--- EXERCISE OBJECTIVE ---
Return exactly the lines from the one containing "Dos boite mini-chateau Puy du Fou" through the last line of the records below, both included, and leave out any pictures.

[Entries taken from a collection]
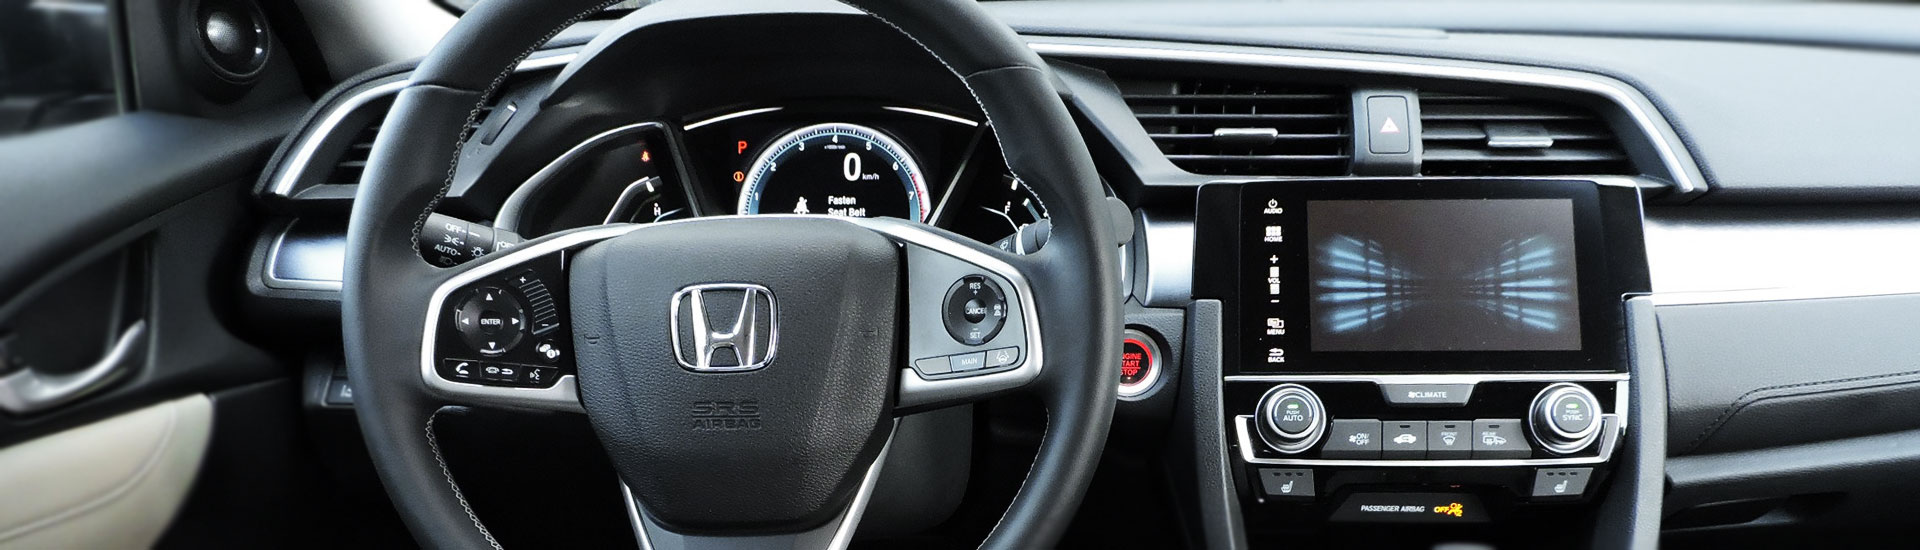 2022 Honda Pilot Custom Dash Kits
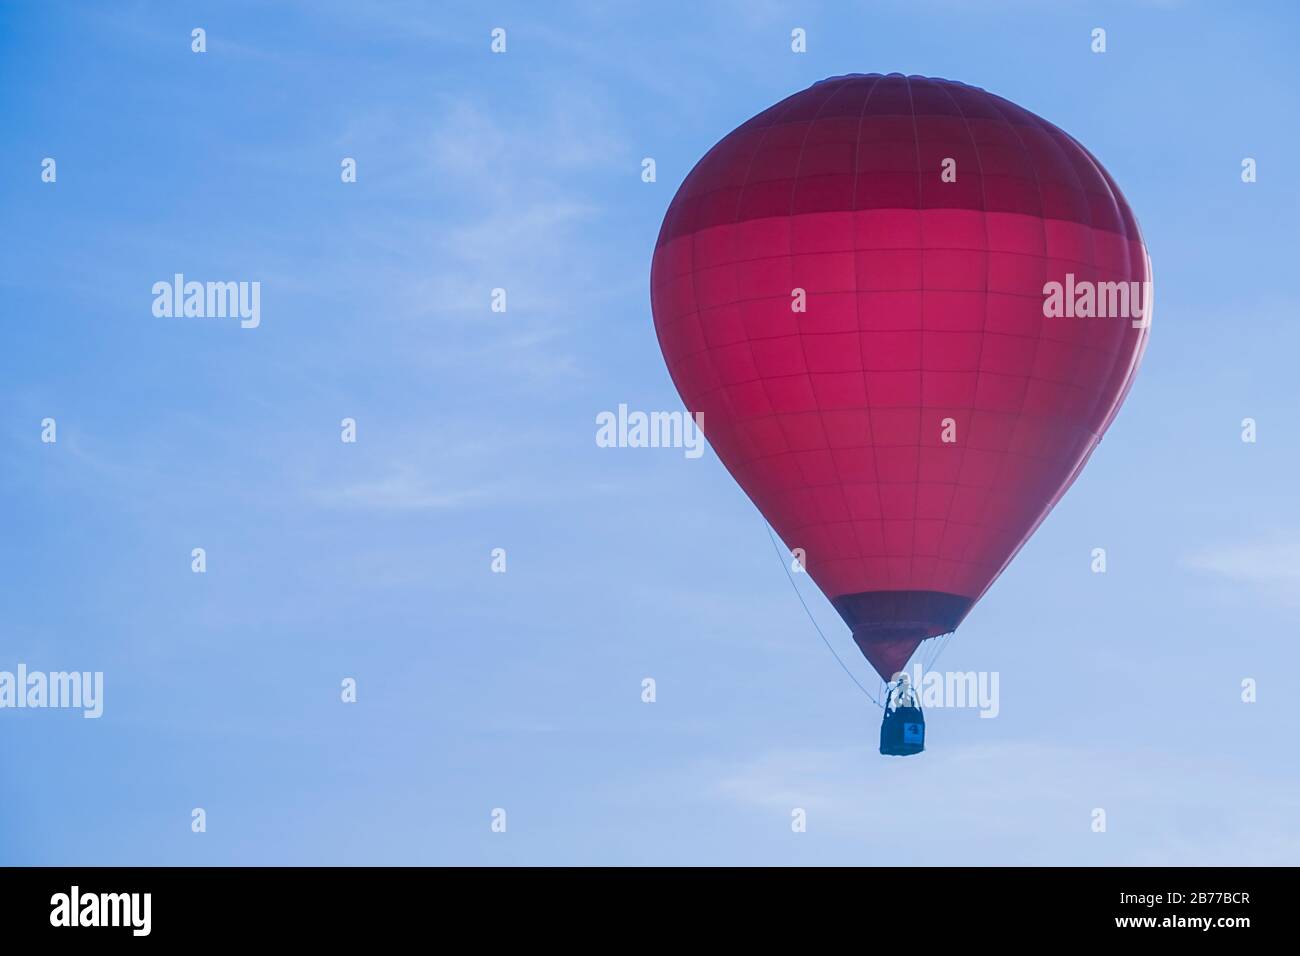 Un festival di mongolfiera presenta parapendio, palloncini ad aria calda e altre forme di trasporto aereo. Il lancio della mongolfiera è l'evento principale. Foto Stock
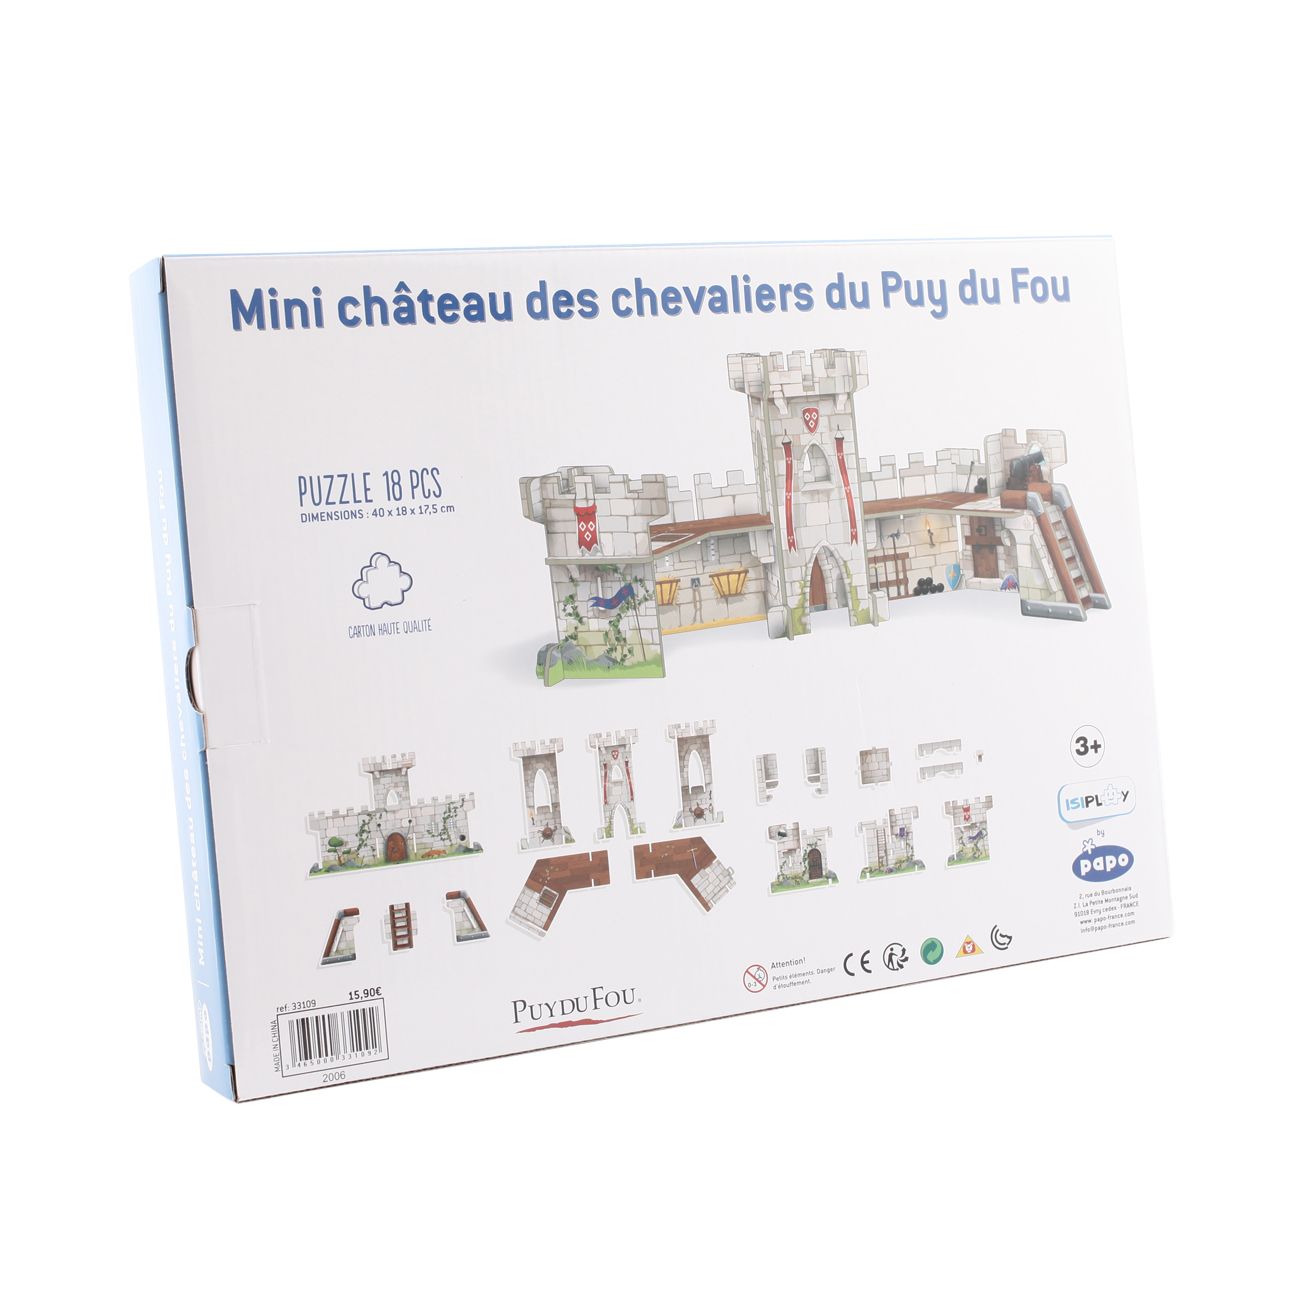 Dos boite mini-chateau Puy du Fou
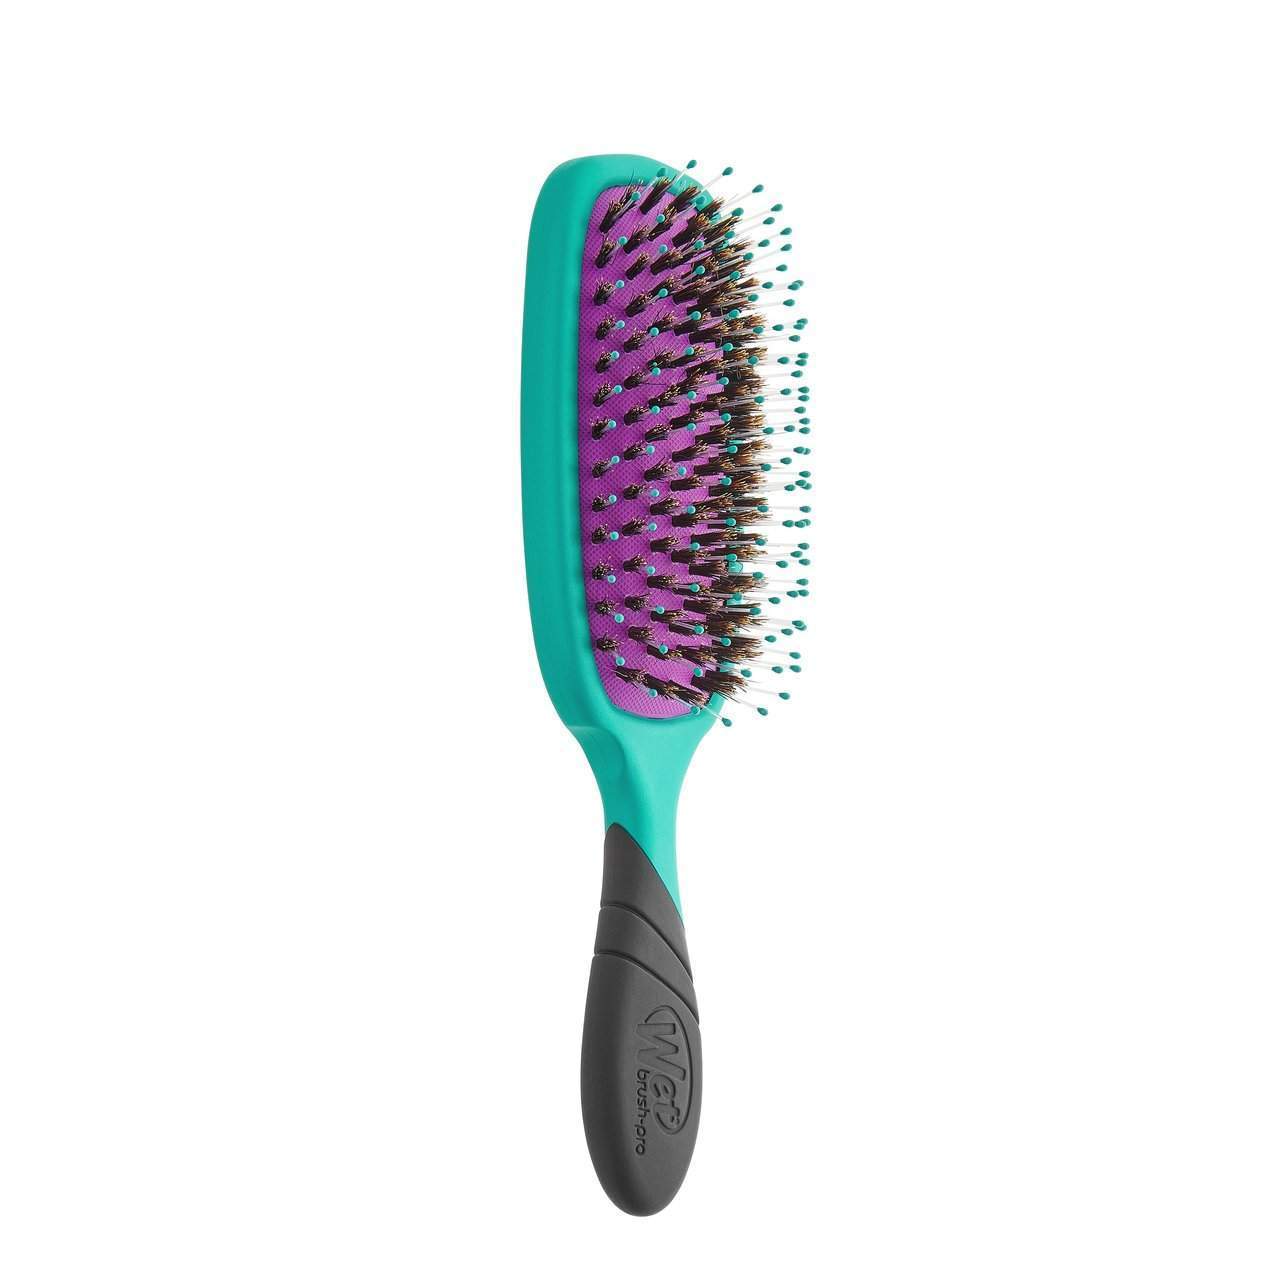 Wet Brush Pro Shine Enhancer Detangler-Wet Brush-Brand_Wet Brush,Collection_Hair,Collection_Tools and Brushes,Tool_Brushes,Tool_Detangling Brush,Tool_Hair Tools
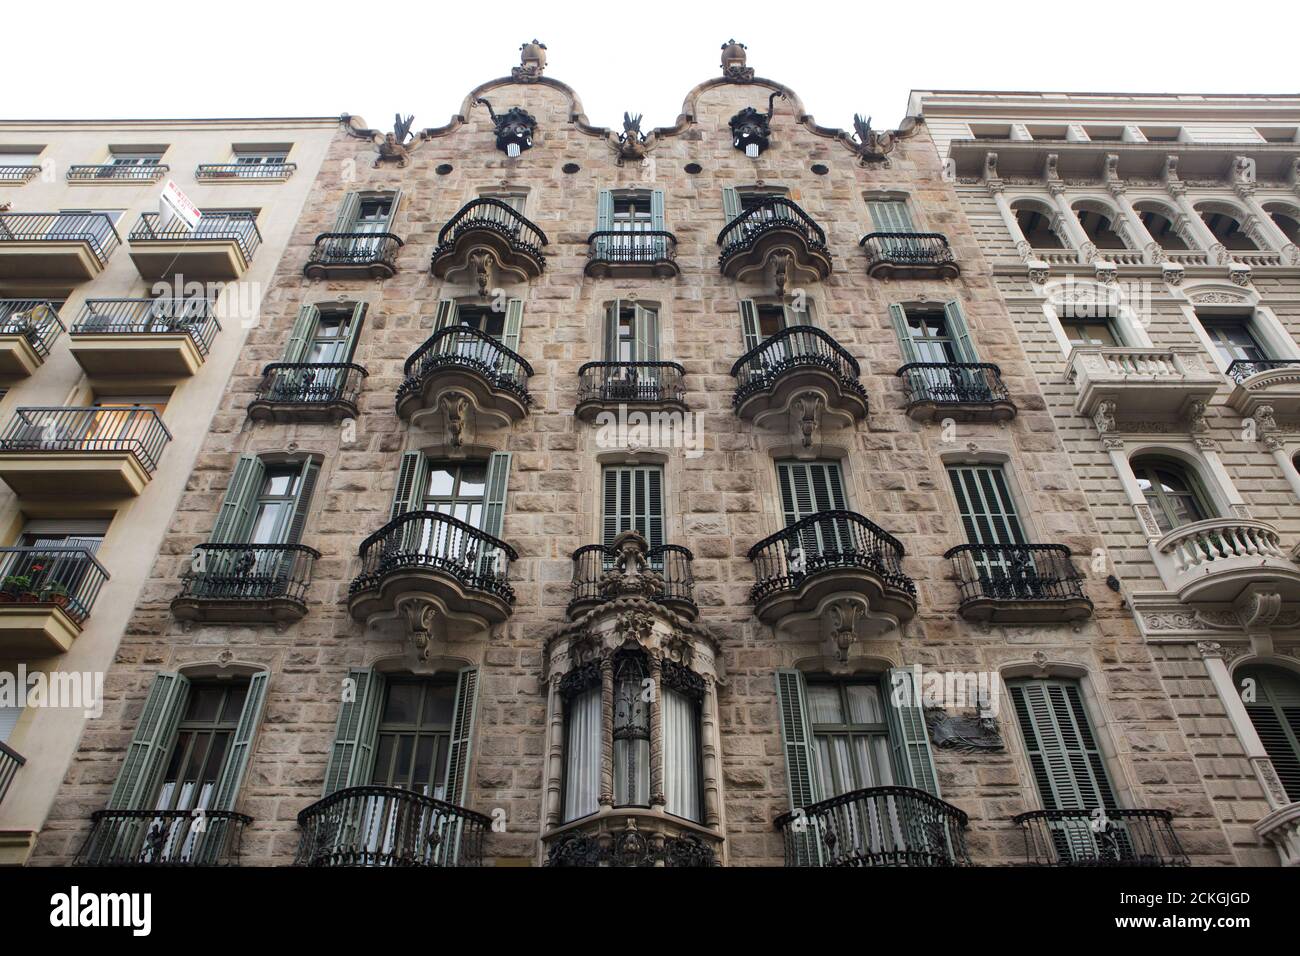 Casa Calvet entworfen vom katalanischen modernistischen Architekten Antoni Gaudí in Barcelona, Katalonien, Spanien. Das Herrenhaus im Auftrag des katalanischen Textilherstellers Pere Màrtir Calvet i Carbonell wurde zwischen 1898 und 1900 erbaut. Stockfoto

--- RESPONSE TO THIS EXERCISE ---
 Dos boite mini-chateau Puy du Fou
 Wet Brush Pro Shine Enhancer Detangler-Wet Brush-Brand_Wet Brush,Collection_Hair,Collection_Tools and Brushes,Tool_Brushes,Tool_Detangling Brush,Tool_Hair Tools
 Casa Calvet entworfen vom katalanischen modernistischen Architekten Antoni Gaudí in Barcelona, Katalonien, Spanien. Das Herrenhaus im Auftrag des katalanischen Textilherstellers Pere Màrtir Calvet i Carbonell wurde zwischen 1898 und 1900 erbaut. Stockfoto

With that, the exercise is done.